Combine that with the fact that two Republican appointees on the court recused themselves from the case – which was heard by the entire bench instead of a three-judge panel – and the numbers don’t look too optimistic for Trump in this case. Sadly, Democrat appointees will always side with the political outcome of the Left, irrespective of the absurd jurisprudence behind the decision. Whereas a number of GOP appointees will often side with the Left in particular cases.
ACLU lawyer: Trump’s travel ban might be constitutional if ordered by Hillary Clinton https://t.co/DB9GCcmZwV
— Allahpundit (@allahpundit) May 9, 2017
But again, this sort of imbalance isn’t limited to any one or two courts. As Philip Wegmann reported at the Daily Signal last year, Obama was able to use his eight-year tenure to remake the judicial branch largely in his image. Now 70 percent of federal appeals courts are commanded by Democrat-appointed majorities.
Ergo, we should expect an en benc majority ruling against the updated travel moratorium, with a stellar and scathing dissent authored by one of the three who grilled Jadwat, and not much else. The Constitution, statute, sovereignty, and presidential powers be damned. Meanwhile, oral arguments for this case’s sister suit in the Ninth Circuit are coming up, where the odds of sovereignty prevailing are even scarcer.
It’s clear that one of these cases will eventually make it to the Supreme Court. But sadly, neither the administration’s lawyers nor even most GOP-appointed judges have uprooted the entire premise of these lawsuits by affirming the plenary role of the political branches in immigration decisions. Even if Trump wins a narrow victory at the Supreme Court, far from a forgone conclusion with Kennedy and Roberts, it will be on narrow grounds.
The Left has a permanent first-and-goal on our one-yard line with as many tries as needed.
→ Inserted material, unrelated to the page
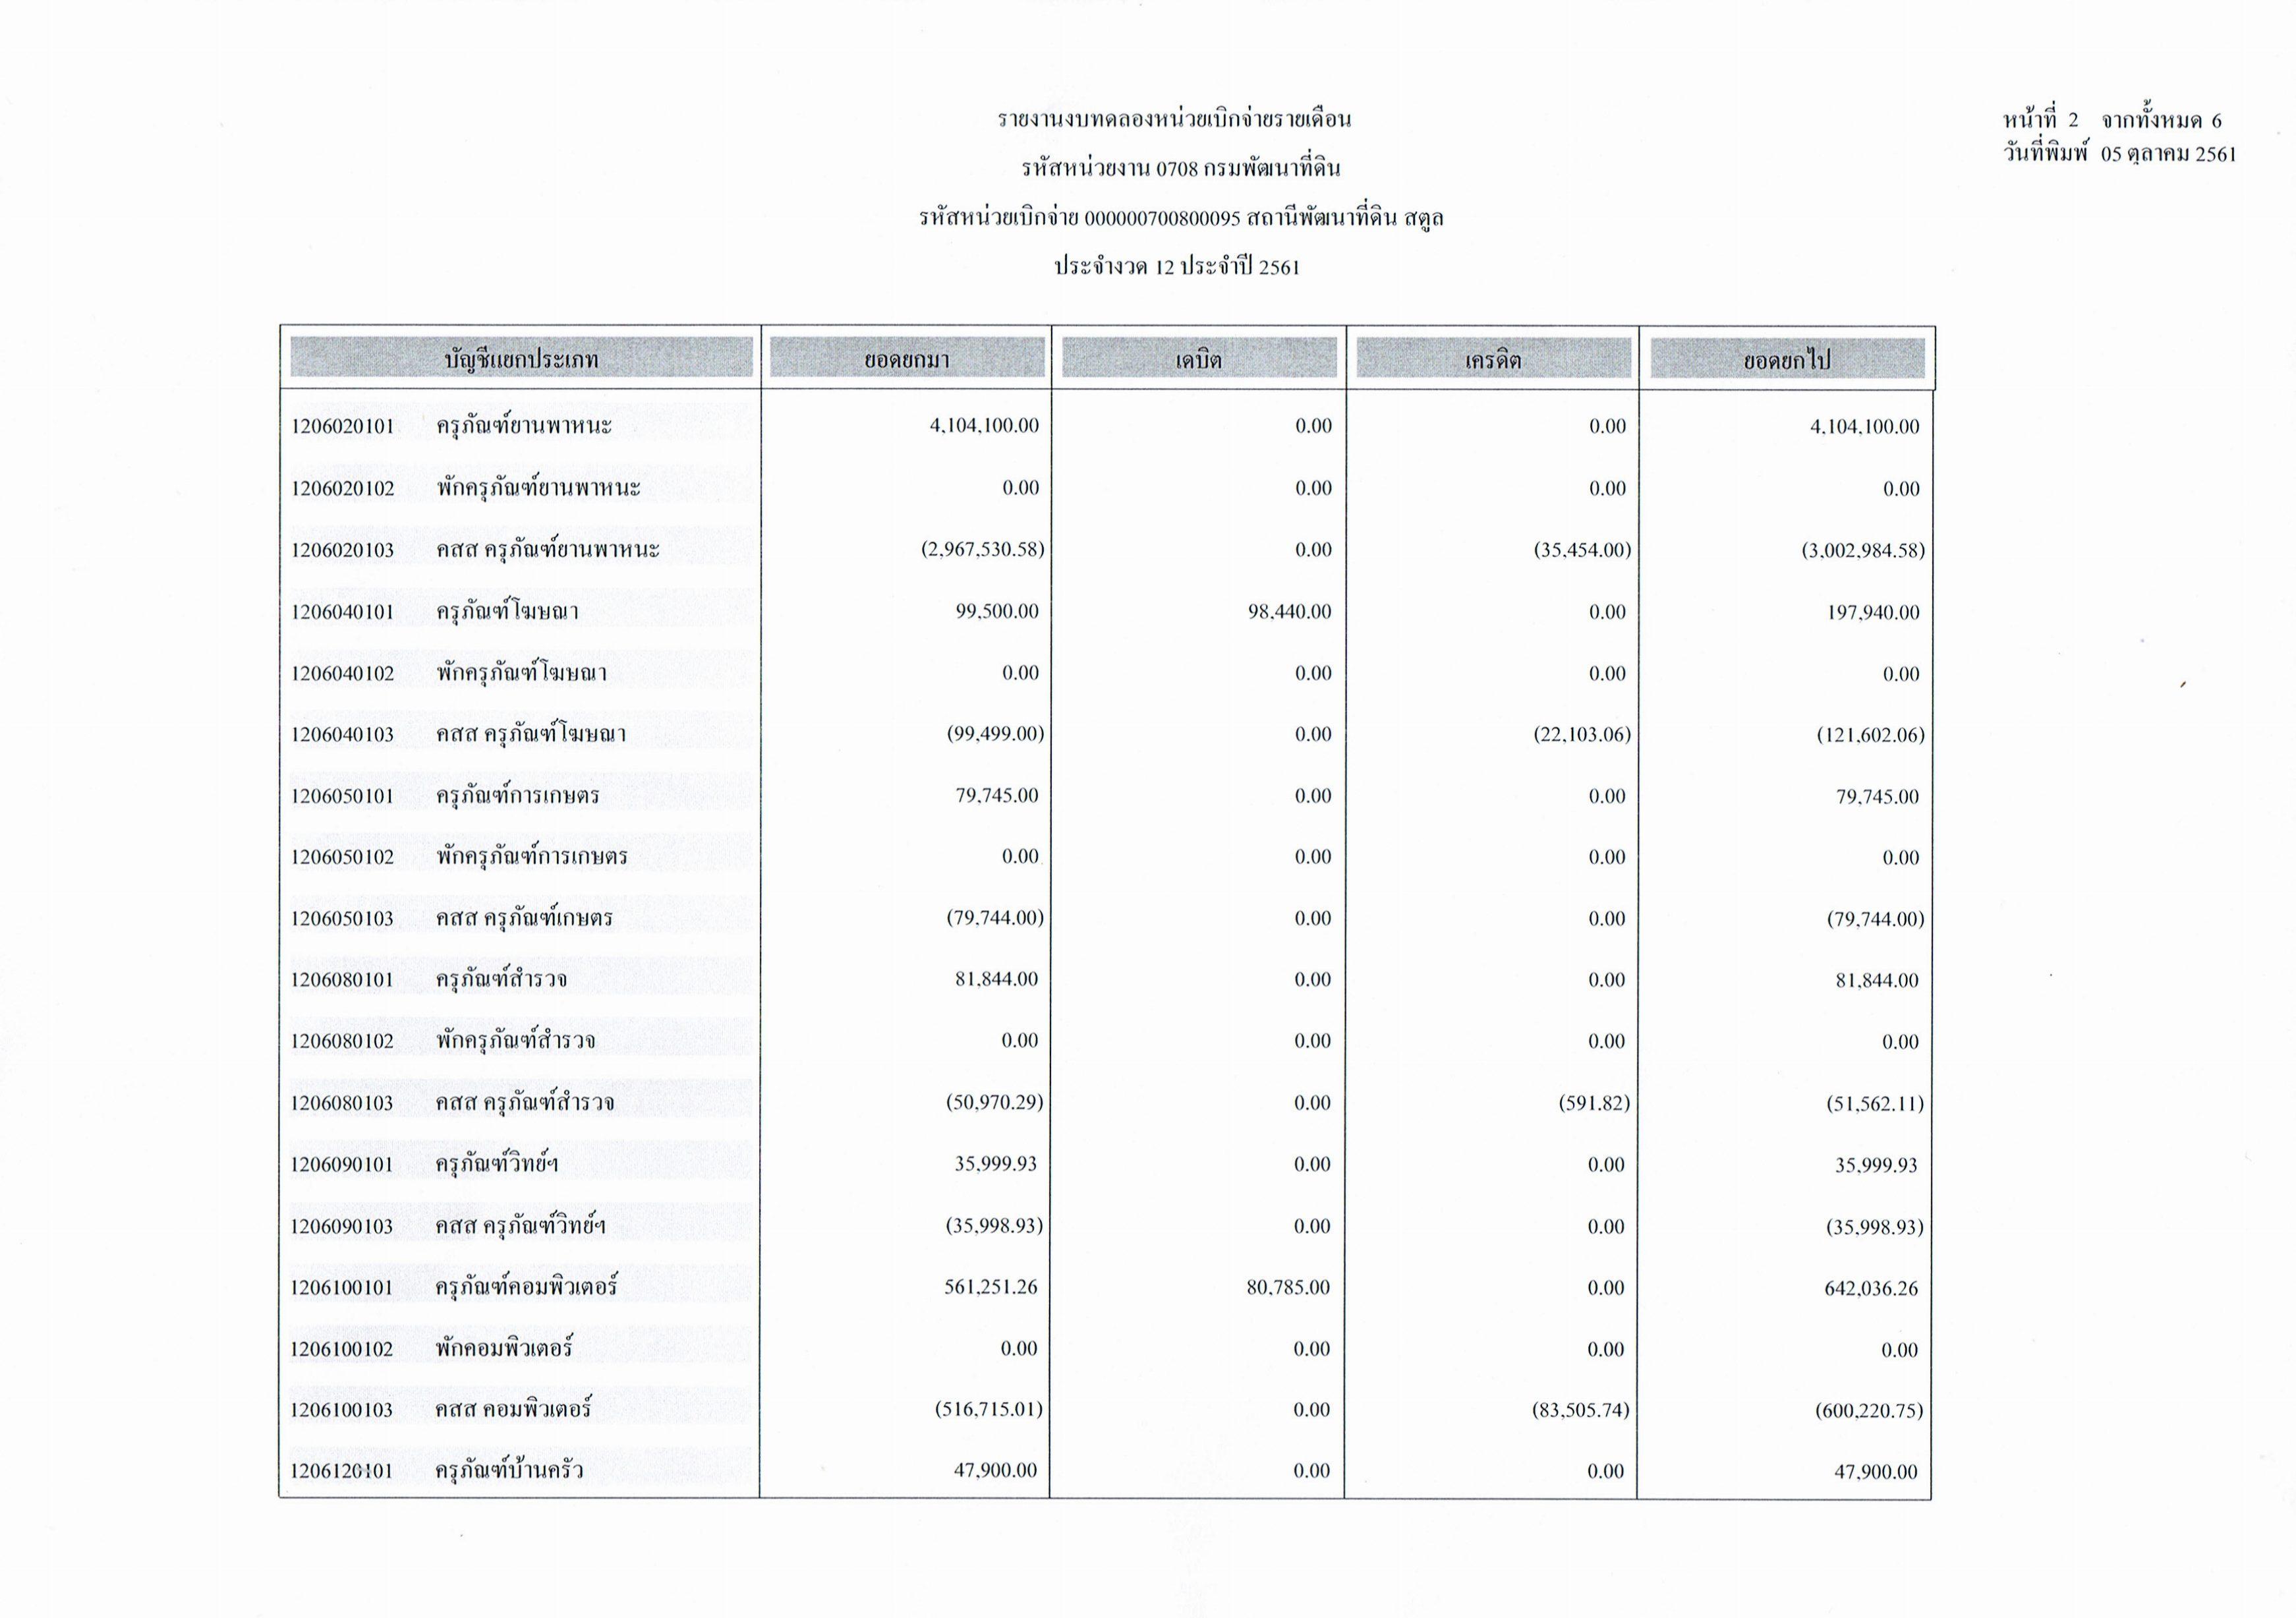 รายงานงบทดลองหน่วยเบิกจ่ายรายเดือนกันยายน ประจำงวด 12 ประจำปี 2561_2

They are already attacking his immigration orders, existing statutes, and state enforcement laws on multiple fronts. We have to win every time; they must only win once. This is because they never feel bound by precedent, even when 200 years of case law say the courts have no ability to second-guess immigration decisions. Yet once they limit sovereignty even once, they use that decision as the new baseline. This was on full display today when the judges, and even the administration’s lawyer, accepted ambiguous and implied words from non-binding dicta as binding precedent rather than the explicit decisions of cases such as Kleindienst v. Mandel, which prove court precedent in favor of Trump.
“You know what you have us doing?” Niemeyer asked. “We are a court of the third branch. And you have the judiciary and all the various judges in this country supervising and assessing how the executive is carrying out his office and the national security … Don’t we have some respect for the first branch and second branch … which Mandel said is the area in which we owe the ‘greatest deference’ to Congress and the executive?”
The lesson from today will be that once again our side cannot be too clever by half — trying to agree to the basic premise of the Left and then split hairs with legal fog on their terms. Once we agree that the courts have full veto power over all policies and statutes as the sole and final arbiter, and once we agree that the Constitution creates some limitation on immigration policy, we have already lost the war, even if we somehow achieve a brief defensive victory in a skirmish.